There are a few ways to get Bitcoin. You can buy them from a retailer, an ATM or an exchange, you can trade them, you can earn them (depending on the regulation of your country), or you can mine them. Bitcoin mining is probably one of the less common ways to receive Bitcoin but it’s still a method used by some.
Back when cryptocurrency was less well-known and had a lower market cap, volume of transaction and price tag, Bitcoin mining was a profitable way to earn Bitcoin. Now, it’s become an expensive undertaking that requires a lot of energy and equipment. However, despite the cost, mining still attracts many investors in the industry because of the tasty reward for the endeavor.
How does Bitcoin and cryptocurrency mining work?
The creation of Bitcoin happens through “mining”. This means that those who create a Bitcoin token are the miners of it. Miners get paid in Bitcoin for doing the work of verifying the validity of Bitcoin transactions on the network. The reason behind this is because Bitcoin is decentralised and relies on the network (rather than one central entity like a company) to operate.
Bitcoin miners ensure transparency and honesty in the network and reduces the risk of issues such as double-spending, which is where a Bitcoin owner could send a copy (a false fraudulent token) of a Bitcoin token to another user. Since the currency is digital, it would be possible if not for the miners and the process behind verifying Bitcoin transactions. Double-spending would be a little like printing counterfeit cash and spending the original bill (which holds genuine value) and the counterfeit (which is worthless because it’s a fake). This means that the spender has been able to spend double despite only truly holding half of the value.
From a technical point of view, Bitcoin mining resolves this because miners verify transactions and algorithmically look out for any possible “counterfeit” Bitcoin. If the transaction is genuine, it goes through. If it’s false, it’s rejected.
Bitcoin miners receive their reward of Bitcoin once they have verified 1 megabyte worth of Bitcoin transactions. This is called a “block” (which is where “blockchain” comes from) and once they have mined a block, they get their reward. Because the block size is small and is set, it can result in a backlog on the network, meaning the verification process slows down which can lead to delayed or slow transactions going through.

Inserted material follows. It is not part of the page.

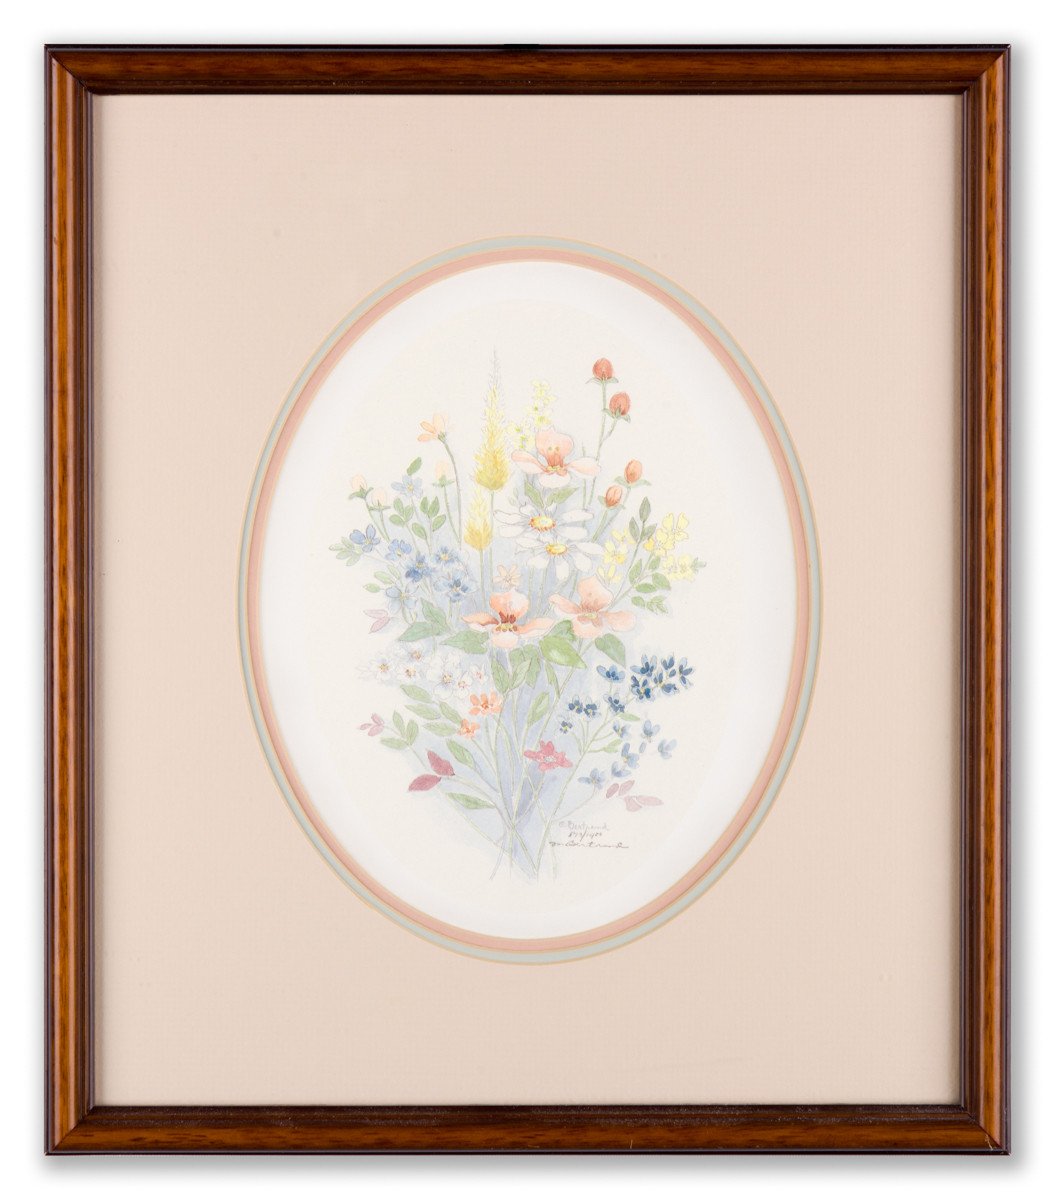 Flowers #2 by Mary Vincent Bertrand (signed lithograph) - Framed Art

How to earn Bitcoin through mining
To earn Bitcoin as a Bitcoin miner, there are two requirements:
- You need to verify approximately 1 megabyte of transactions – or effectively mine one block, and
- You have to be the first miner to verify the transaction by means of answering an algorithmic challenge. This is called the proof-of-work.
To find the answer to this challenge, you don’t need to be a specialised mathematician. This is the mechanic process that requires special equipment and has begun to take a lot of energy and electrical resources to operate. To “solve” the challenge, the miner needs to discover a 64-digit hexadecimal number, which is known as a “hash”, either less than or the same as the target set by the blockchain. So it comes down to the machine that can solve the problem or discover the hash as quickly as possible.
How much does a Bitcoin miner earn?
Approximately every four years, there’s an occurrence in the cryptocurrency industry called the “Bitcoin halving.” When this happens, the Bitcoin reward earned from each block is halved. So in 2009, the first block of Bitcoin mined earned 50 Bitcoin tokens – a whopping amount today. In 2012, this was halved and a block mined would earn 25 Bitcoin tokens. In 2016, the Bitcoin halving meant that miners would receive 12.5 Bitcoin tokens.
In May 2020, the most recent Bitcoin halving took place. Now, Bitcoin miners will receive 6.25 Bitcoin tokens per block mined until the next halving. Depending on the price of Bitcoin, this could be a massive reward in terms of cash equivalence. However, any profit from Bitcoin mining only comes after buying the expensive equipment and after settling the electricity bill after the energy-intensive process.